Importantly, vibration has been damped well and our test bike had very little vibration, even when close to the redline. Bajaj tells us vibration was an area of concern and special emphasis has been laid on reducing it and I have to admit, the updated Dominar feels a lot better. It also feels quicker to steer and turn into corners, something that was a concern on the previous version. Handling in traffic has thus improved, while entering fast corners is a quicker affair. Like before, the Dominar 400 is shod with MRF Revz tyres at both ends, which offer good grip and aid rider confidence even when leaned into corners.
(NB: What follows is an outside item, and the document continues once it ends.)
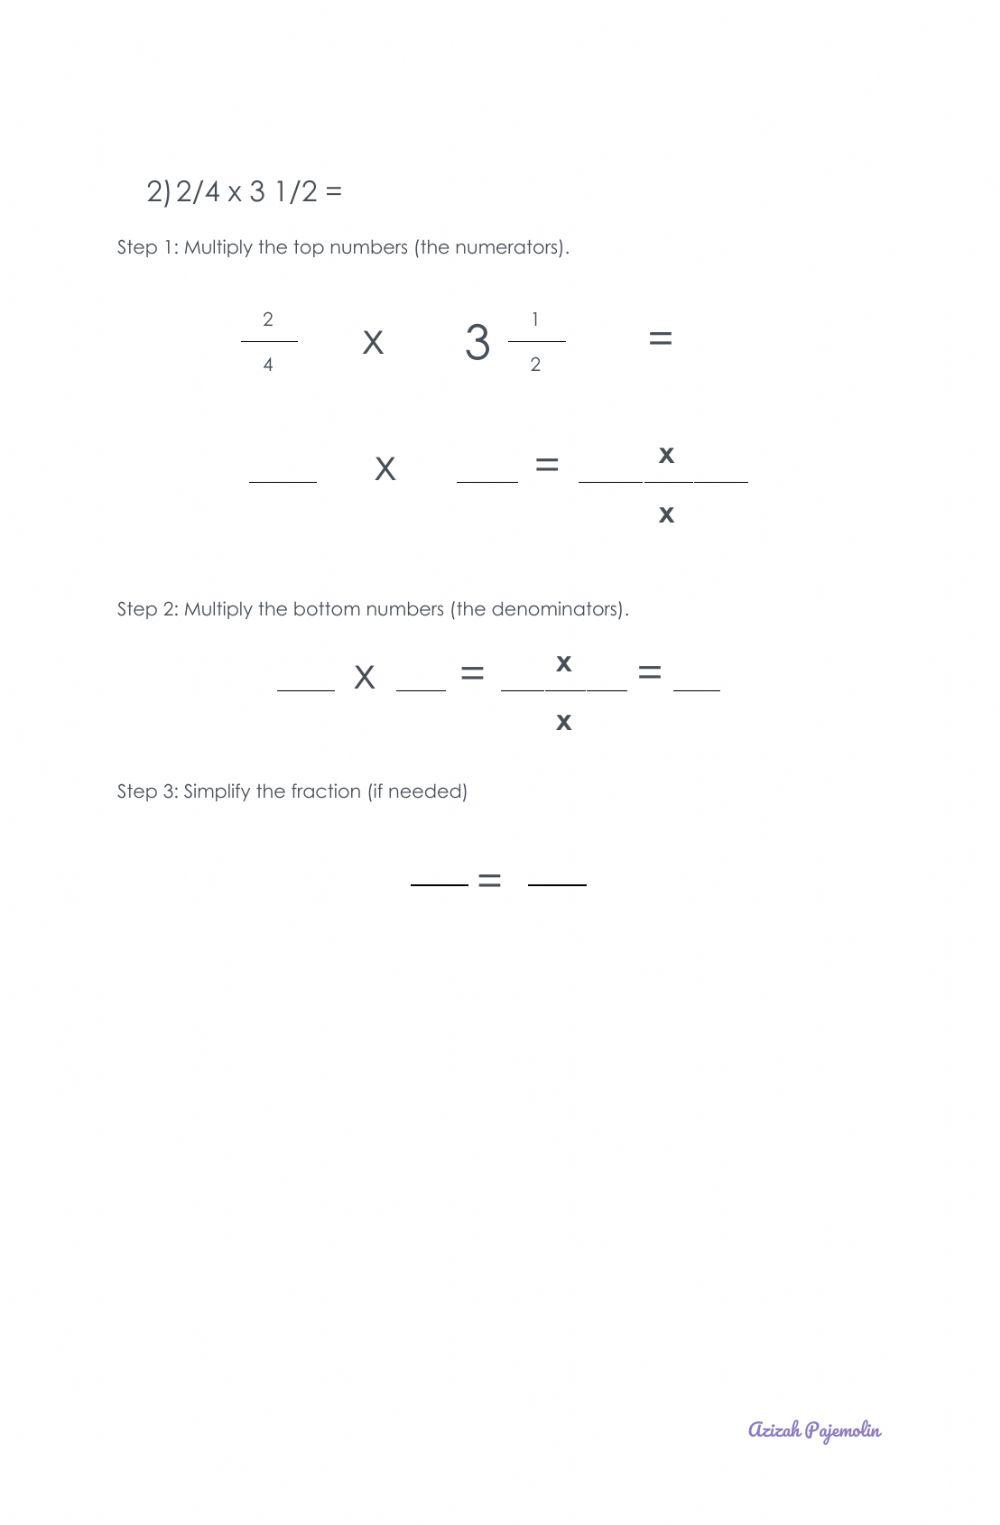 Worksheet on Multiplying Fraction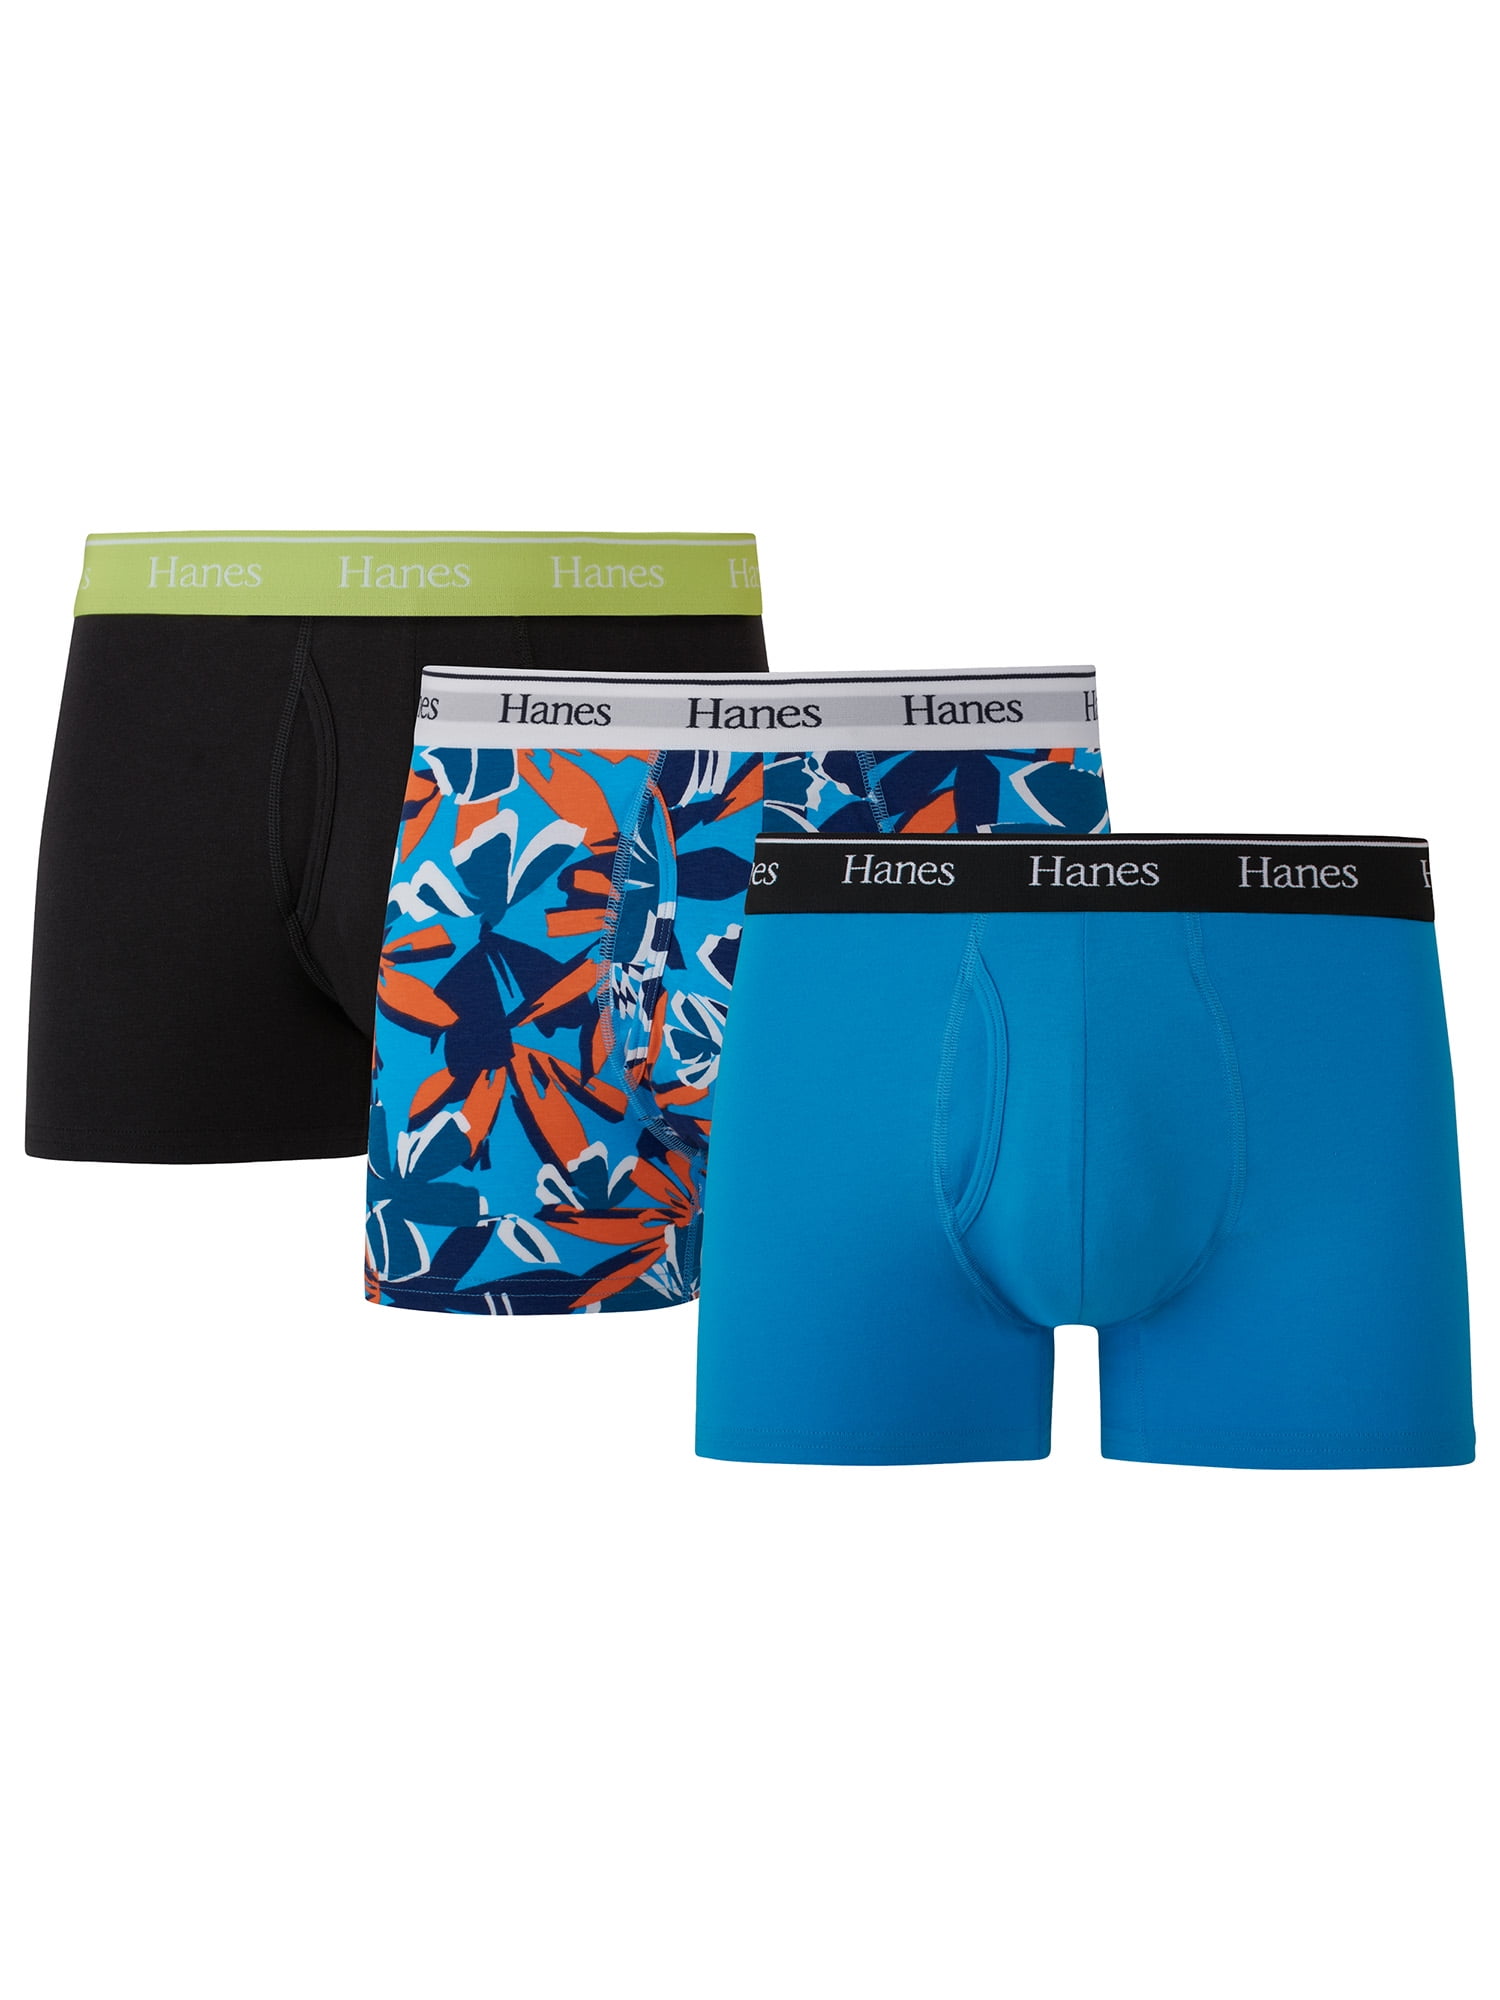 Hanes Originals Men's Underwear Trunks, Moisture-Wicking Stretch Cotton,  3-Pack

What's more, the new Dominar 400 feels even better at masking its heft the various changes have increased kerb weight by 2kg to 184 kilos but the bike's handling does not let you feel the weight. It's only when having to maneuver it around that you feel the weight. The rear monoshock has been made more pliant so the Dominar 400 does not threaten to throw you off the seat if you hit a speed breaker or bump at speed anymore. Shock absorption abilities at both ends are better, which should also make for lesser fatigue on long rides. And talking about touring, the tachometer displayed 6,500rpm at a speedometer indicated 120kmph, with barely any vibration from the footpegs, tank, seat or handlebars which means the updated Dominar will be a more accomplished tourer.
The riding position is also the same as before and you sit upright while the footpegs are ever-so-slightly rearset. This makes for a comfortable posture and works well in city traffic and on the highway as well. On another note, it is not easy to view the secondary display on the fuel tank on the go though, as it is out of the rider's line of vision and taking your eyes off the road to take a look at the gear position or tripmeter is a no-no.
How do the numbers stack up?
As I mentioned, the improved performance was apparent as soon as I started riding. The power delivery is smooth and linear just like before, which means the Dominar 400 will continue to offer a friendly feel, even to novice riders. But the 5PS bump has improved acceleration significantly. Of course, power to weight ratio has jumped from 192.3PS/tonne to a more impressive 217.4PS/tonne, which only means the Dominar is quicker, as confirmed by our VBOX test. In fact, the updated Dominar 400 is over half a second quicker to accelerate to 100kmph! I had clocked a 0-100kmph time of 8.4 seconds on the old Dominar 400, while the updated version managed the same in 7.6 seconds, which is very impressive. In-gear acceleration has improved as well, as the updated bike pulls harder in each gear. However, it is also worth noting that the improved acceleration will result in a minor yet noticeable drop in fuel efficiency.
The 2019 Bajaj Dominar 400 smoothens out a lot of rough edges on the original and in fact, this is what the Dominar should have always been. The updates make it a more wholesome and a more compelling package as it feels sportier and more fun to ride, while also feeling more comfortable. The updates though will command a premium upside down forks and a DOHC head are fairly expensive additions and we expect the updated Dominar 400 to retail at about Rs 1.80 lakh ex-showroom.
That is a hike of about Rs 17,000 given the outgoing version's price of Rs 1.63 lakh but for the money you get a motorcycle that ticks more boxes now and is more appealing. Interestingly, if priced around the Rs 1.80 lakh mark, the Dominar 400 will still undercut most 300-400cc bikes in the country like the TVS Apache RR 310, Honda CB300R, KTM 250 Duke and 390 Duke as also the BMW G 310 R. That should make for an interesting comparison test!